The first part of this series explained why we need a job controlling mechanism in an AG environment, which system views will be used for the control mechanism, and how to determine the role of the replica in AG. This article will provide the actual implementation of the control mechanism.
Let me remind you that we already defined function ags.udf_AGHadrGroupIsPrimary which returning the role of replica in AG. And result Y mean replica is primary, N – replica is secondary, F – failure. Not every job that is on the server has to be disabled/enabled in primary/secondary replica scenario. However, we do need a control table to be able identify those jobs.

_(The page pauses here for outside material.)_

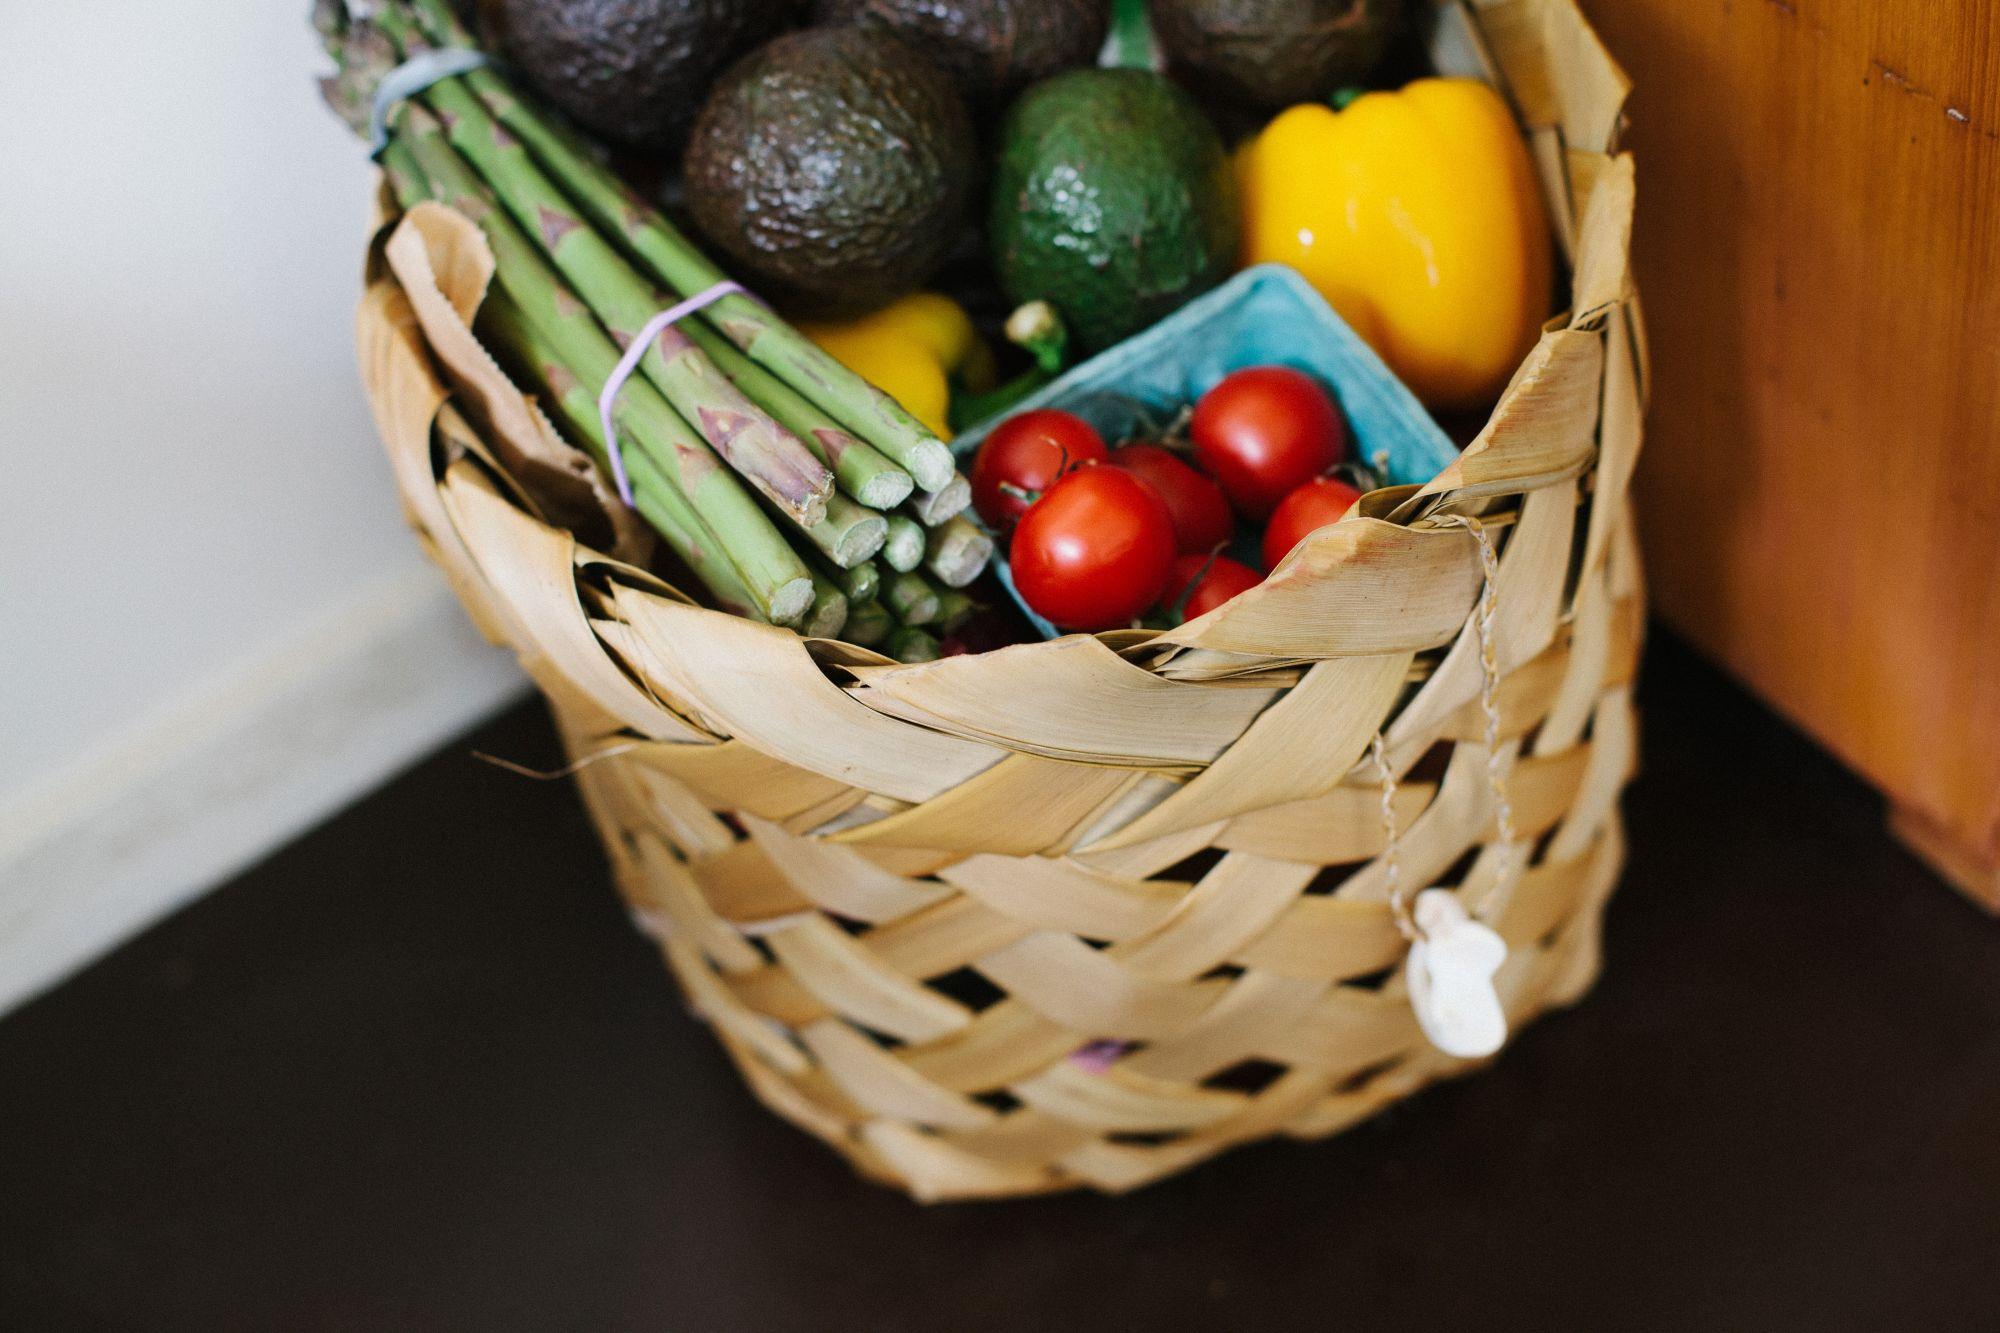 Here Are 5 Meat Alternatives For The Lenten Season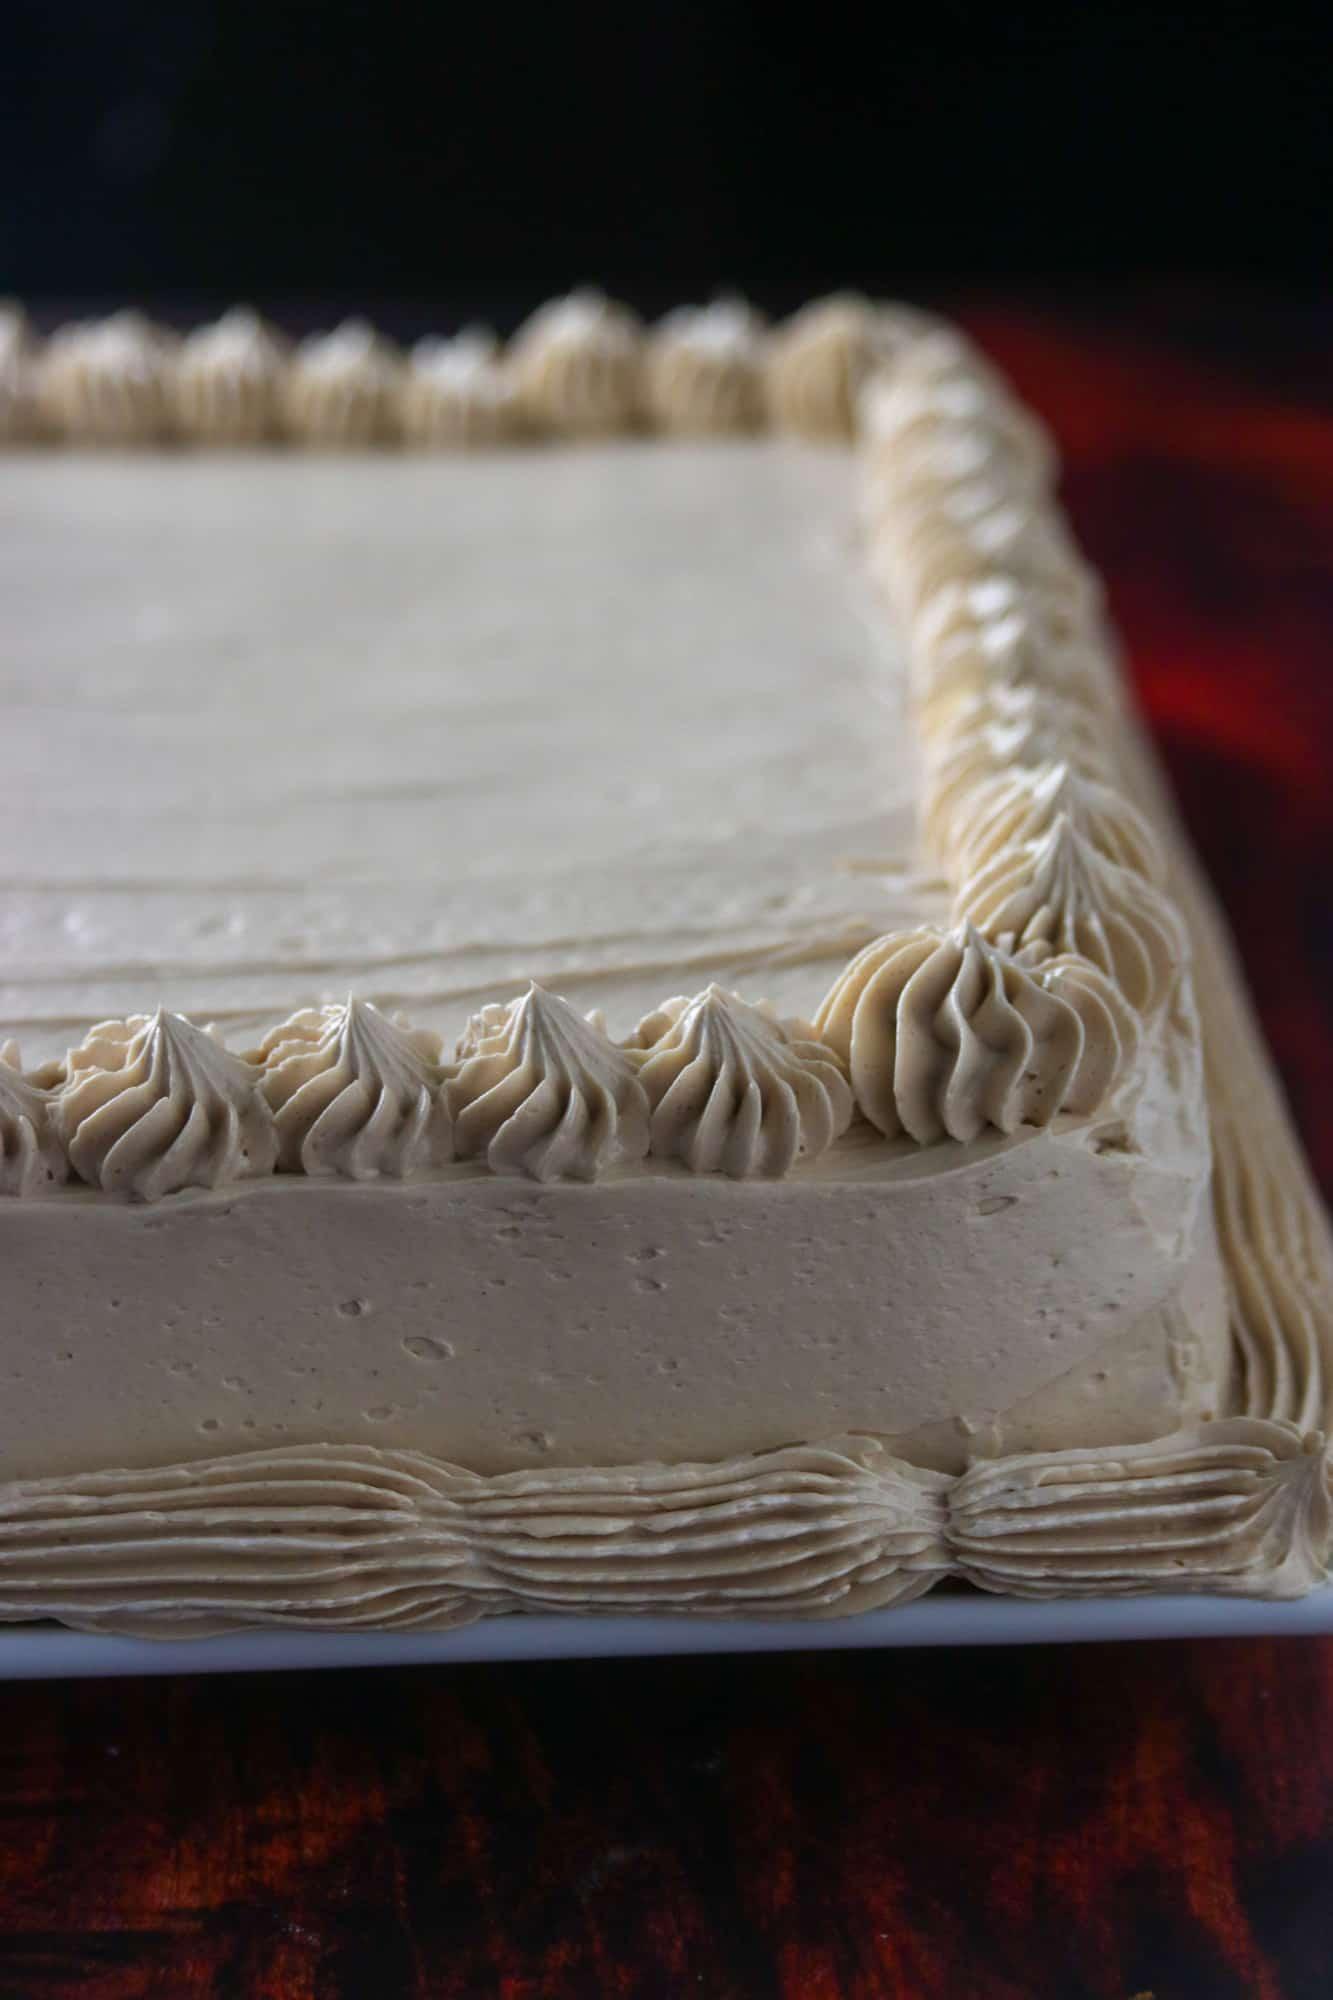 close up shot of mocha cake

CREATE TABLE [ags].[OBJT_Job]( [JobID] [int] NOT NULL PRIMARY KEY, [JobName] [varchar](255) NOT NULL, [AGRequireDisableFlag] [char](1) NOT NULL);
In addition, we are going to create two history tables to manage job status automatically during automatic failover scenario. This will also minimize the time jobs on the former primary replica stay active and jobs on the current primary replica (former secondary replica) stay inactive.
We should run tests often to verify which replica is the primary and which is the secondary. In our case, I set this to two minutes. It is up to the DBA to make such a decision based on the frequency of the jobs.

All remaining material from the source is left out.